The California Supreme Court has agreed to review a pivotal appellate decision that could reshape how disputes over ongoing medical care are resolved in the state’s workers compensation system.
In Illinois Midwest Insurance Agency v. Workers’ Compensation Appeals Board (Rodriguez), the 2nd District Court of Appeal held in November that utilization review and independent medical review are the exclusive mechanisms for determining the medical necessity of ongoing treatment, even when such care was previously authorized by an employer or insurer. The decision rejected the longstanding “Patterson doctrine,” which the Workers’ Compensation Appeals Board has relied on to retain jurisdiction over disputes involving the termination of ongoing care.
The high court will consider two questions: whether an exception exists to utilization review and independent medical review exclusivity when an employer seeks to deny previously authorized ongoing treatment, and whether the state appeals board has jurisdiction to hear an employee’s appeal after a denial in those circumstances.
The case arises from claims involving Orlando Rodriguez, who sustained significant head and brain injuries in 2016 and required home health services.
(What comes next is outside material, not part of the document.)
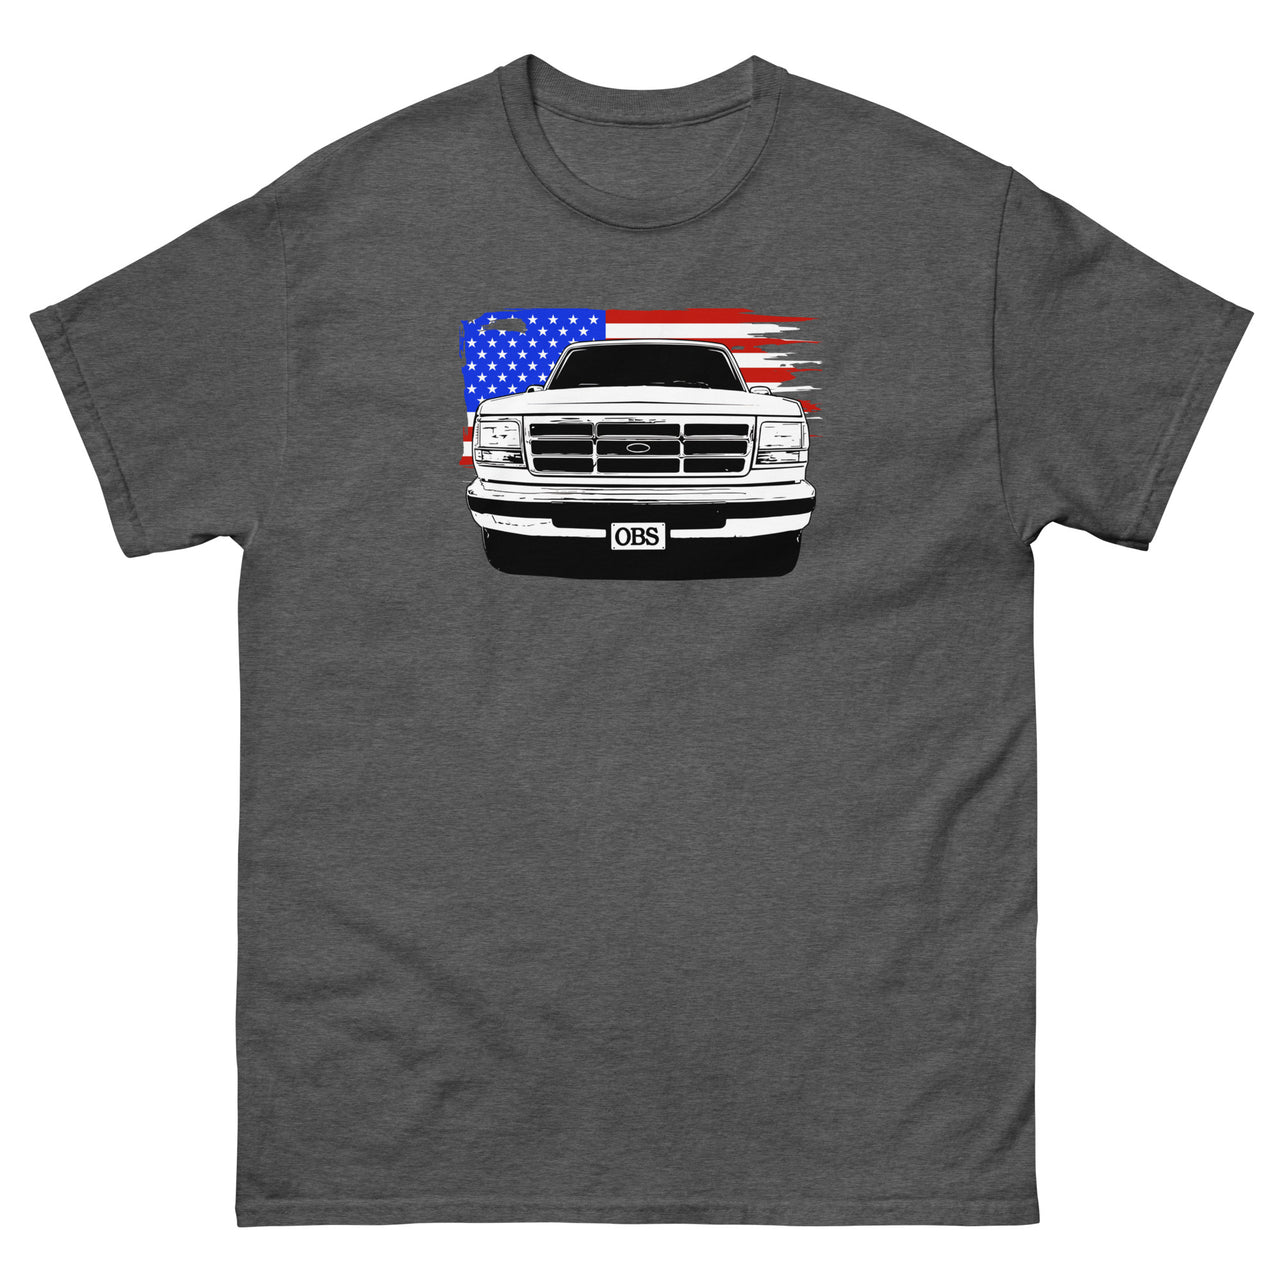 OBS Truck American Flag T-Shirt in grey
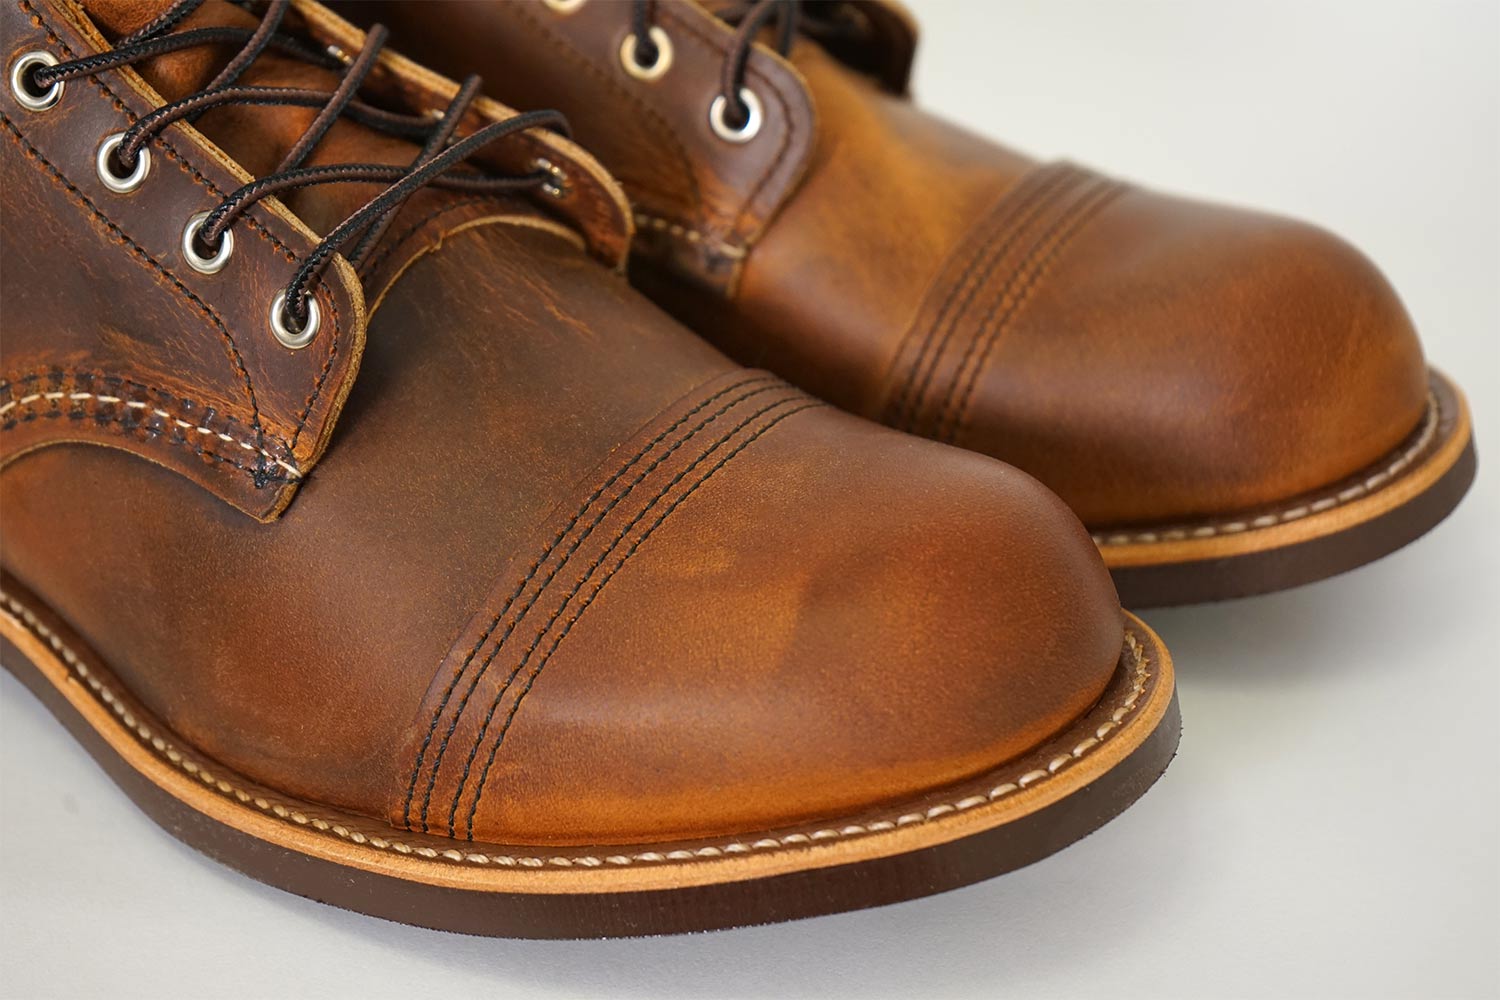 The signature toe cap on a pair of Iron Ranger boots from Red Wing Shoes

Illinois Midwest authorized the care for nearly a year before utilization review denied further treatment in 2019. A workers compensation judge and the appeals board ruled that the insurer could not terminate care absent substantial medical evidence of a change in condition, relying on Jennifer Patterson v. The Oaks Farm.
The appellate court disagreed, concluding that Patterson conflicted with legislative intent to place medical necessity determinations in the hands of medical reviewers, not the appeals board. Independent medical review, the court said, is the sole avenue to challenge utilization review decisions for post-2013 injuries.
The presiding judge of the appeals board’s Los Angeles district office said last week that Rodriguez potentially conflicts with Rivota, a significant 2021 panel decision holding that insurers must show a material change in condition before terminating previously authorized care. The state Supreme Court’s review is expected to resolve that inconsistency statewide.